Pictures stay out of the copy; output exactly the lines from the one containing "Rethunk Junk by" through the end of the material.

▸ **SUPPLIED INFORMATION**
● ● ●

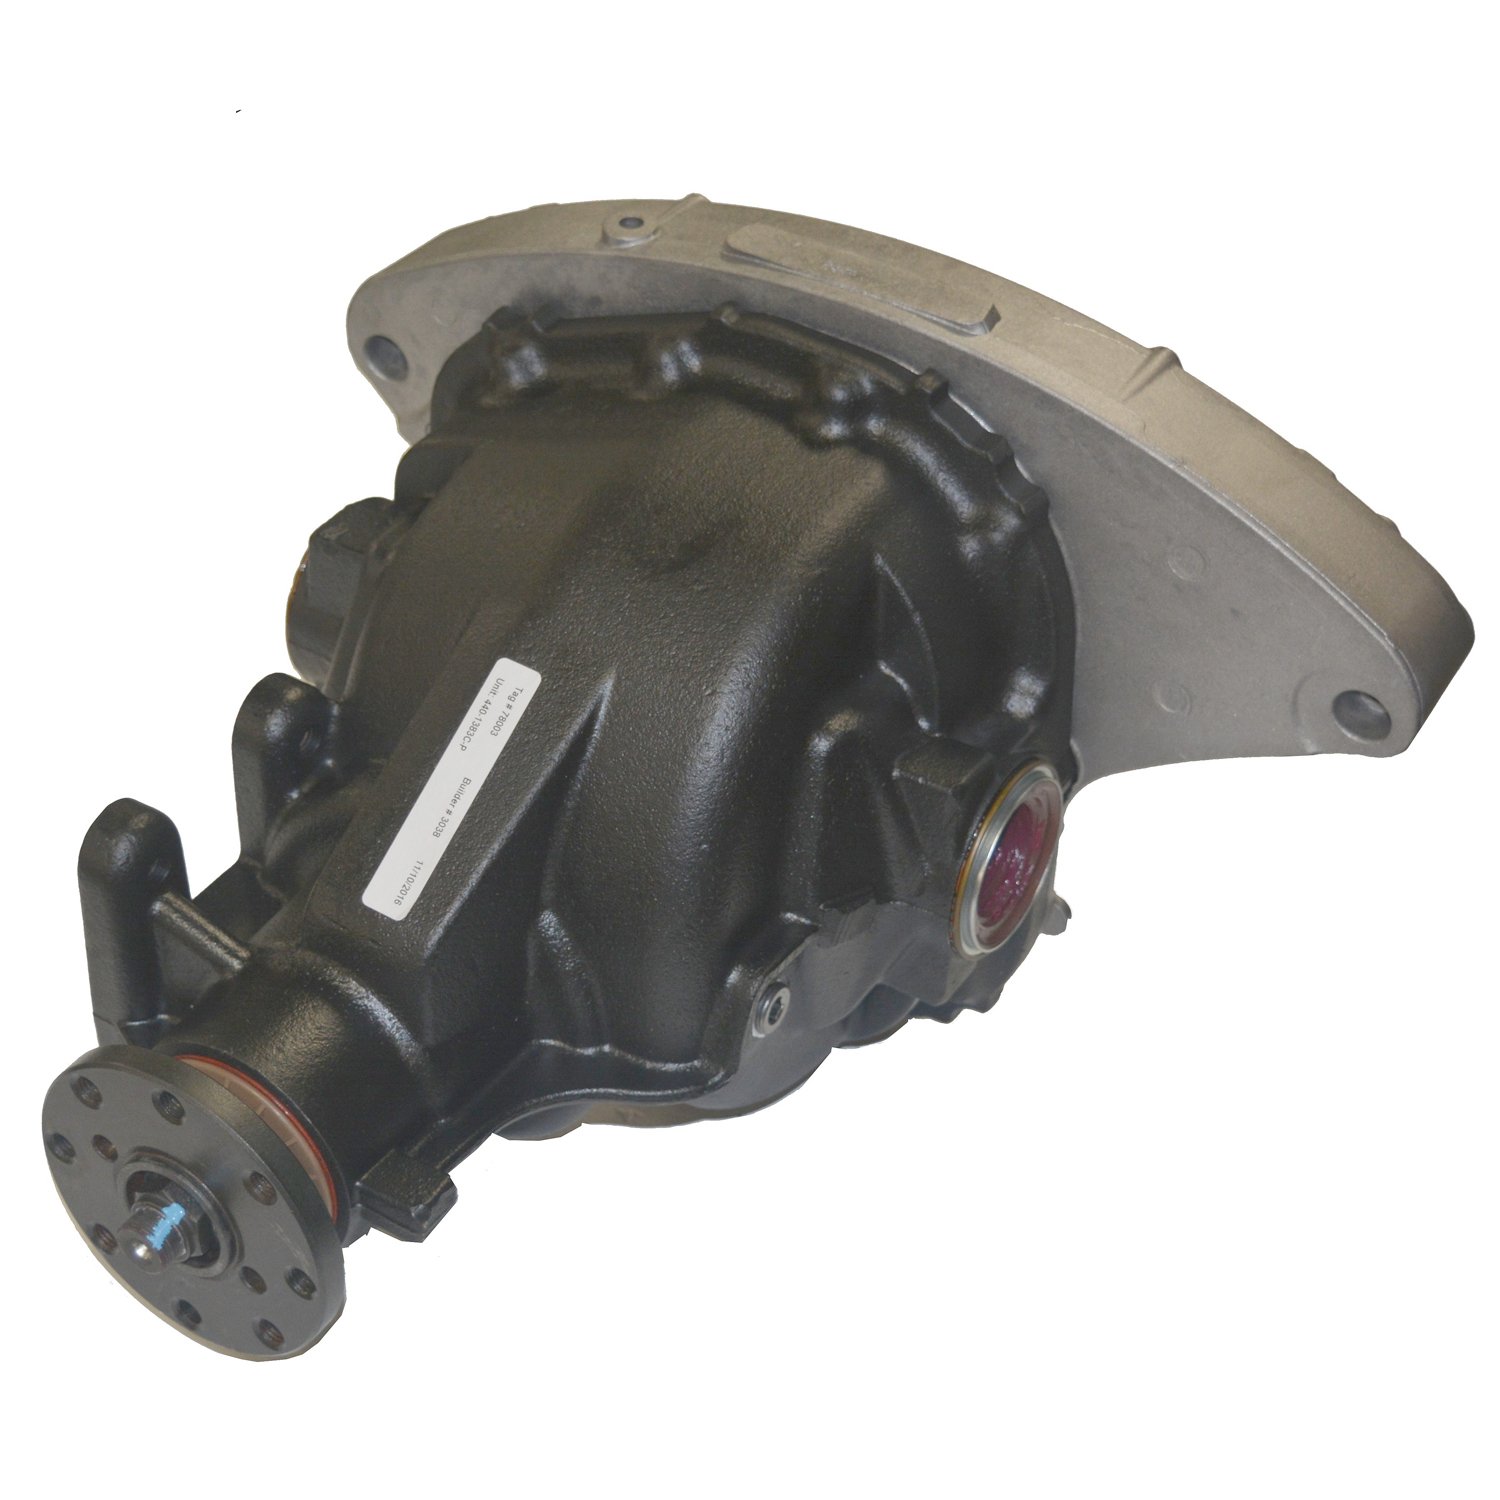 Remanufactured Axle Assembly for 9.75IRS 2005 Expedition 3.31 , Posi LSD
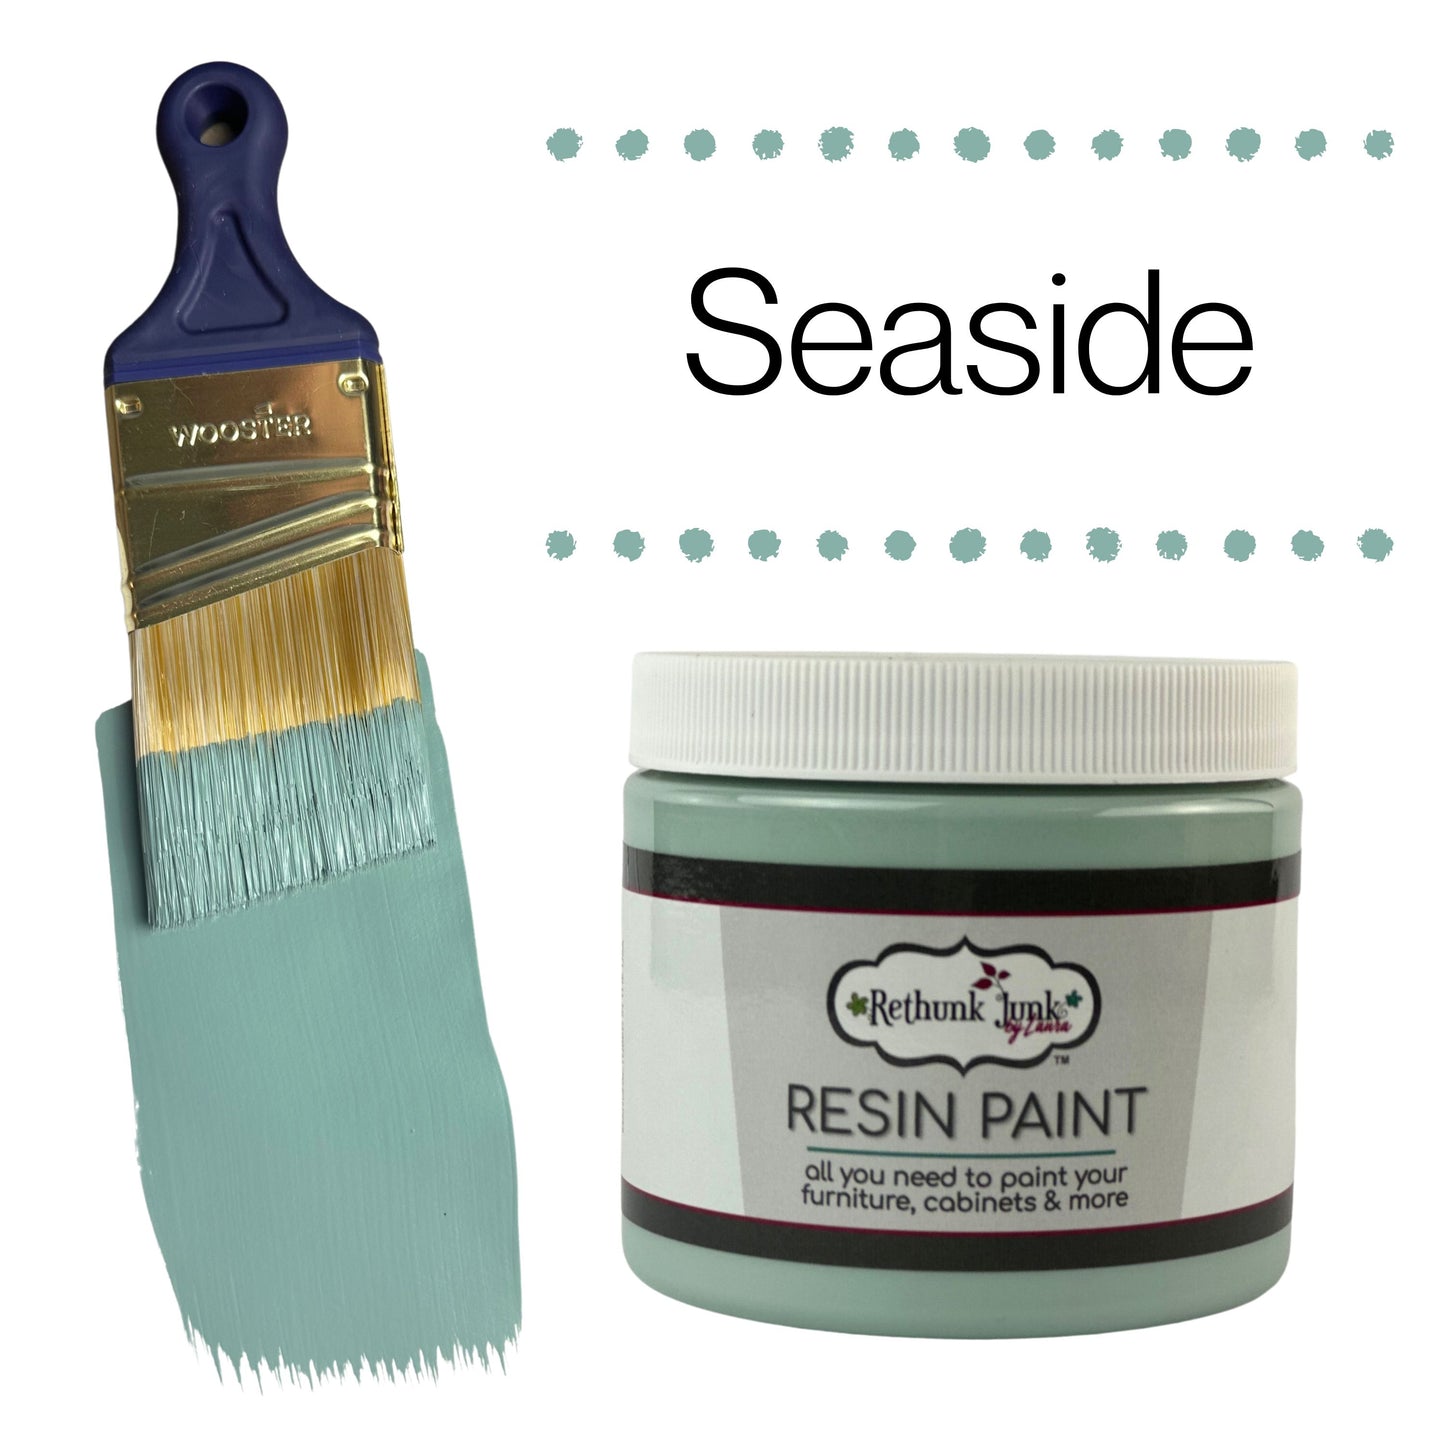 Rethunk Junk by Laura Resin Paint Seaside 32oz
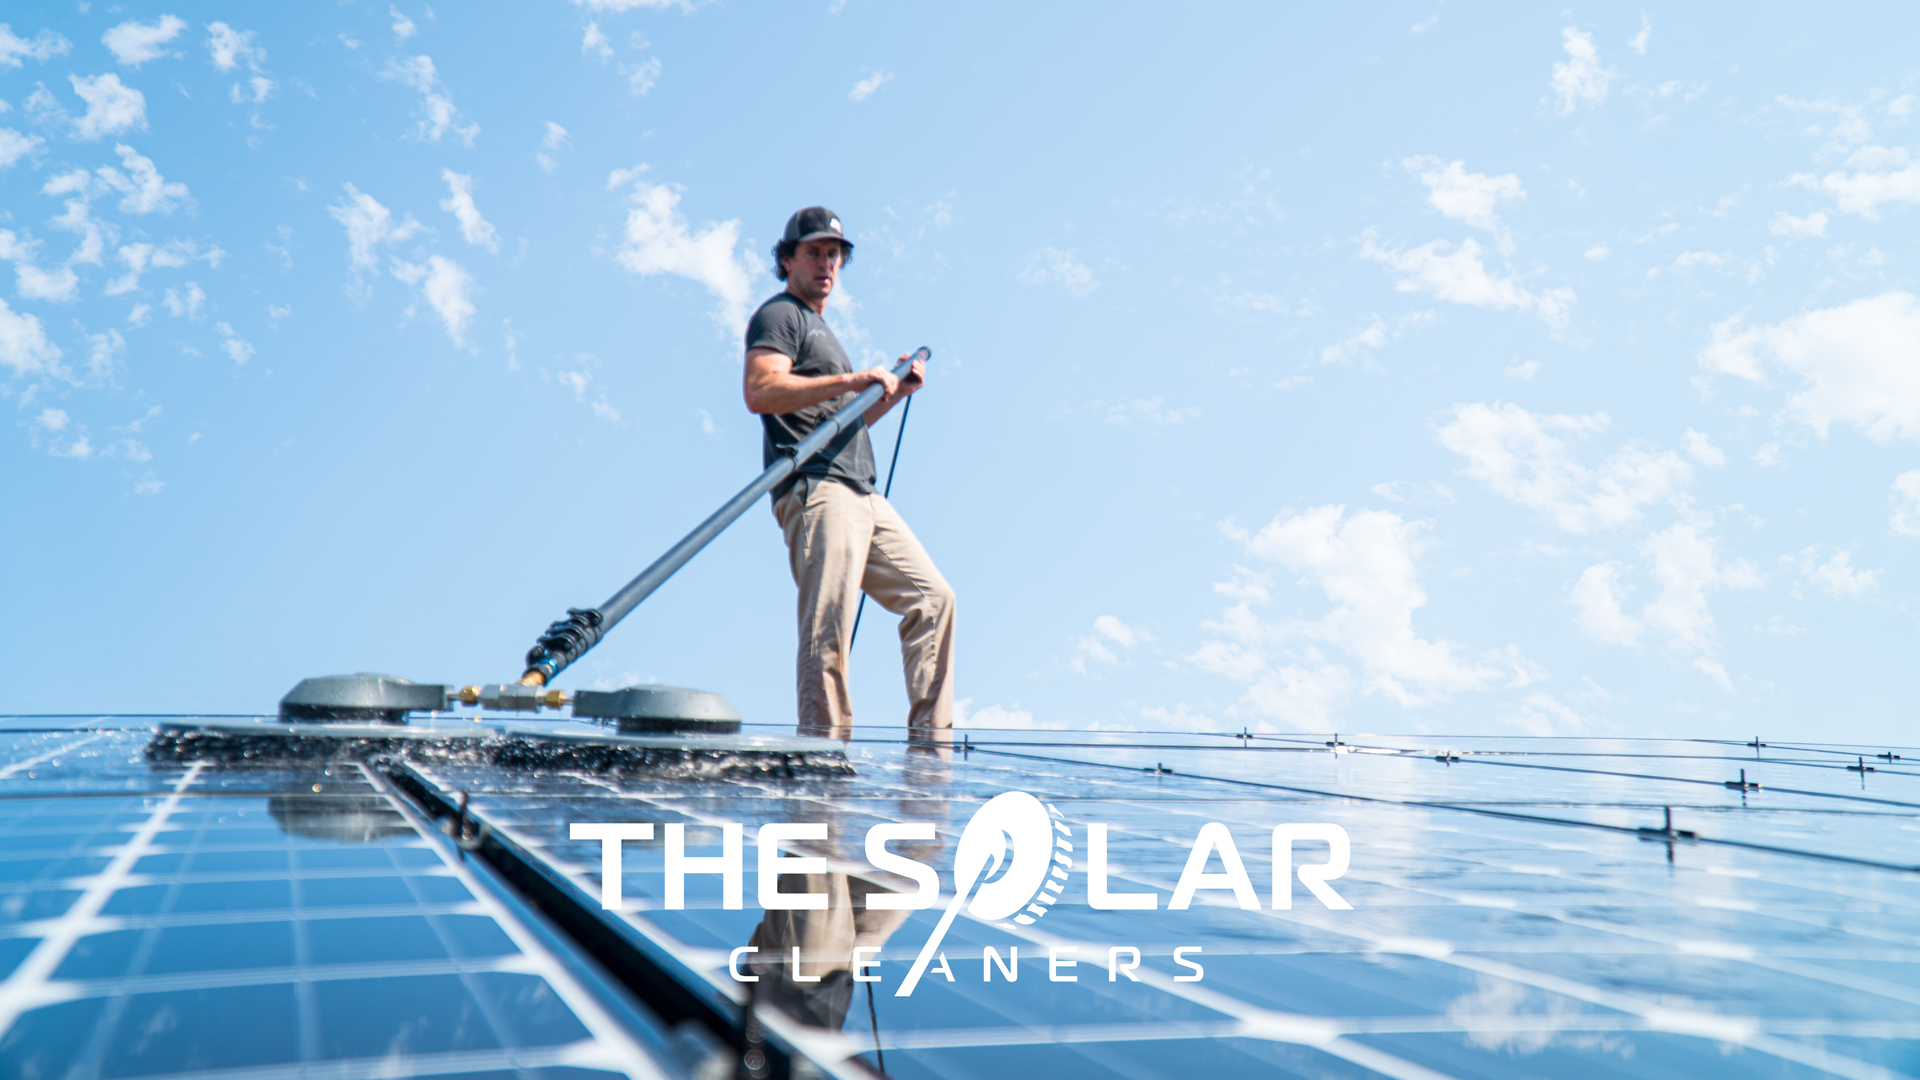 Solar cleaning services

● ● ●

▸ **EXERCISE RESULT**
 Rethunk Junk by Laura Resin Paint Seaside 32oz
 Solar cleaning services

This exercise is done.